0
votes

i have a project That includes three files in codeblocks :

main.c :

#include <stdio.h>
#include <conio.h>

int global = 10;

void f1(int);
void f1_1(int);
void f2(void);

int main()
{
    int x = 5;
    printf("inside main file");
    getch();
    f1(x);
    f2();
    getch();
    return 0;
}

file1.c :

#include <stdio.h>
#include <conio.h>

void f1(int x)
{
    printf("\ninside file1 >> f1 and x = %i", x);
    getch();
    f1_1(x);
}

void f1_1(int x)
{
    printf("\ninside file1 >> f1 >> f1_1 and x = %i", x);
    getch();
}

file2.c :

#include <stdio.h>
#include <conio.h>

extern int global;

void f2()
{
    printf("\ninside file2 >> f2 function , global var = %i", global);
    getch();
}

when i compiled it , i got these warnings :

c|8|warning: implicit declaration of function 'f1_1'; did you mean 'f1'? [-Wimplicit-function-declaration]
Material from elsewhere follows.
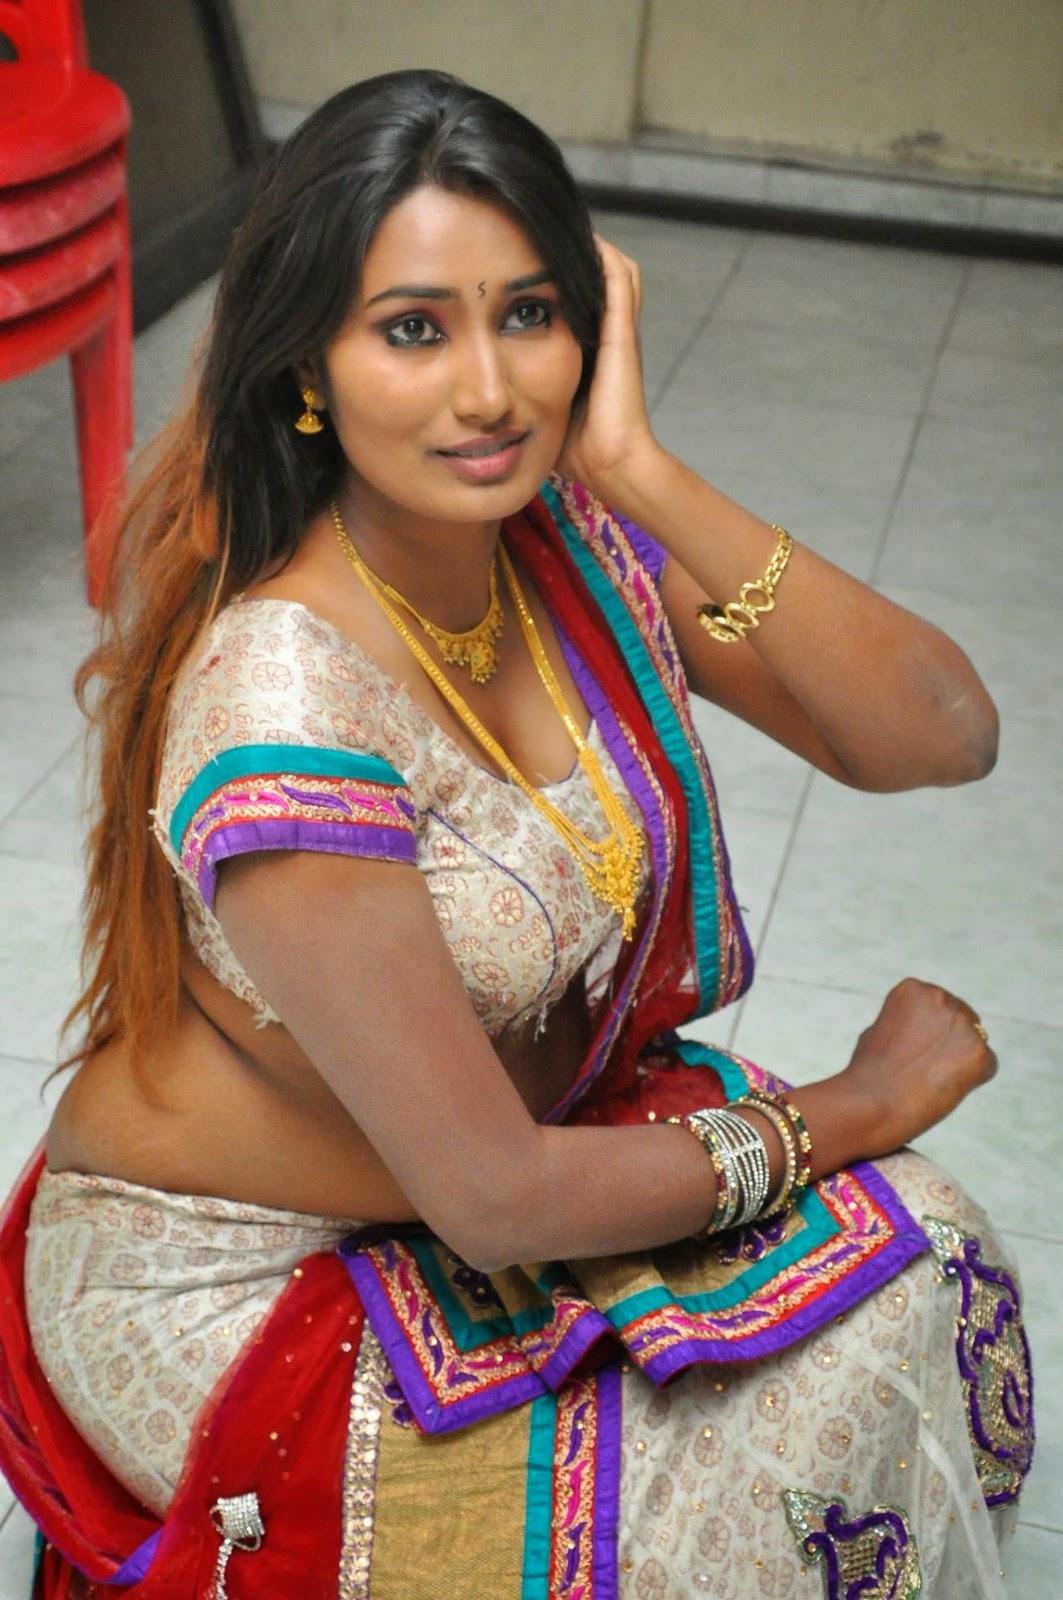 Big boob in saree
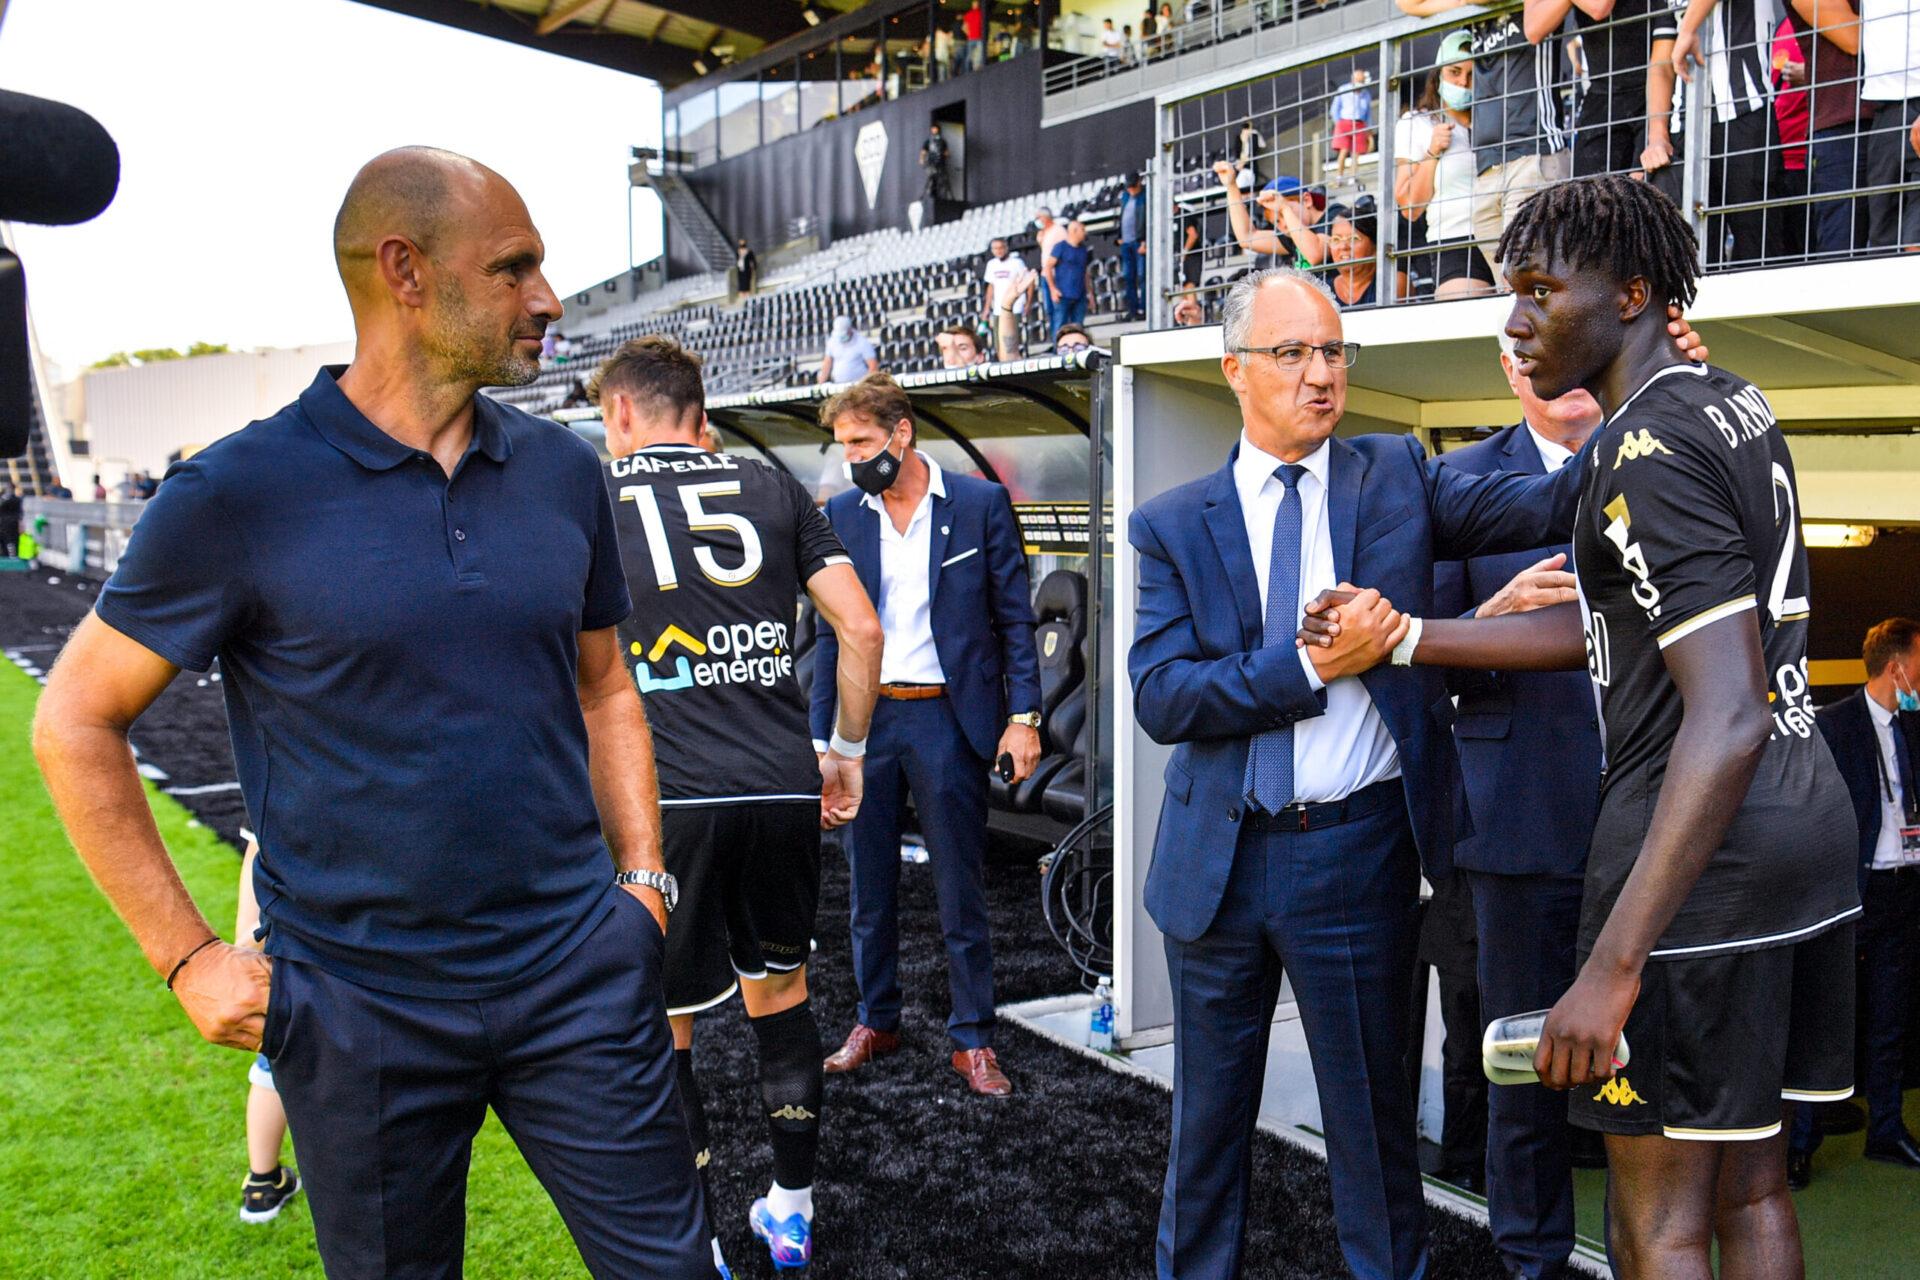 Le président d'Angers, Saïd Chabane, et son entraîneur Gérald Baticle, après la victoire face à Lyon le 15 août 2021. Icon Sport

c|11|warning: conflicting types for 'f1_1'

what should i do for this ?

2
Ideal way: move the function prototypes to different .h file and include it wherever it is required, otherwise define f1_1 before f1. - kiran Biradar
Note that there is a very large difference between C and C++ in a situation like this: In C++ you would not get a warning but an error. In the future, please only tag the actual programming language you're working with. - Some programmer dude

2 Answers

2
votes
void f1(int);
void f1_1(int);
void f2(void);

Should be:

extern void f1(int);
extern void f1_1(int);
extern void f2(void);

Or, as @kiranBiradar points out, you can declare them in header files

file1.h

#pragma once
extern void f1(int);
extern void f1_1(int);

file2.h

#pragma once
extern void f2(void);


Note the use of the extern keyword. When you forward declare a function in a file as void f(void), the symbol 'f' is public, meaning other compilation units can reference it. When you declare it as extern void f(void), then the compiler doesn't expect the function to be defined in that compilation unit and leaves it up to the linker to find that symbol.

2
votes

This is the perfect time to learn about the important concept of translation units.

Each single source file, with all included header file, forms a single translation unit. Each translation unit is separate and distinct and compiled stand-alone without any knowledge of other translation units.

That means symbols declared in e.g. the main.c source file will not be known in the file1.c source file.

When you compile file1.c the compiler simply doesn't know about the f1_1 function declaration you have in the main.c source file, so you get a warning about that fact.

To solve your problem, you need to declare the f1_1 function in the file1.c file. Either by adding a forward declaration (like the one you have in main.c), or moving the whole function definition (implementation) of f1_1 above the f1 function.

Or you could create a single header file which contains all the declarations needed (for the f1, f1_1, f2 function, plus the global external variable declaration), and include this single header file in all your source files. This solution works best if you have multiple symbols (functions, variables, etc.) that are used in multiple translation units.

My personal recommendation is this: Since the f1_1 function is only used internally inside the file1.c source file, move its definition above f1, and make it static. Then remove its declaration from the main.c source file.


Regarding the "implicit declaration" and "conflicting types" warnings, it's because in older standards of C it was allowed to not declare functions and the compiler would create an implicit declaration by guessing the declaration based on the first call of the function.

The important part about the guessing is that only the arguments were guessed, the return type would always be int.

I don't know the exact wording in the specifications about this since it was removed in the C99 specification, but most compilers still allow this with only emitting a warning instead of an error. This is where the first warning comes from.

However, the return type of int is still being used. And since your f1_1 function is declared to return void later in the file1.c source file, there's a mismatch between the guessed declaration (int f1_1(int)) and the actual declaration (void f1_1(int)) which leads to the second warning.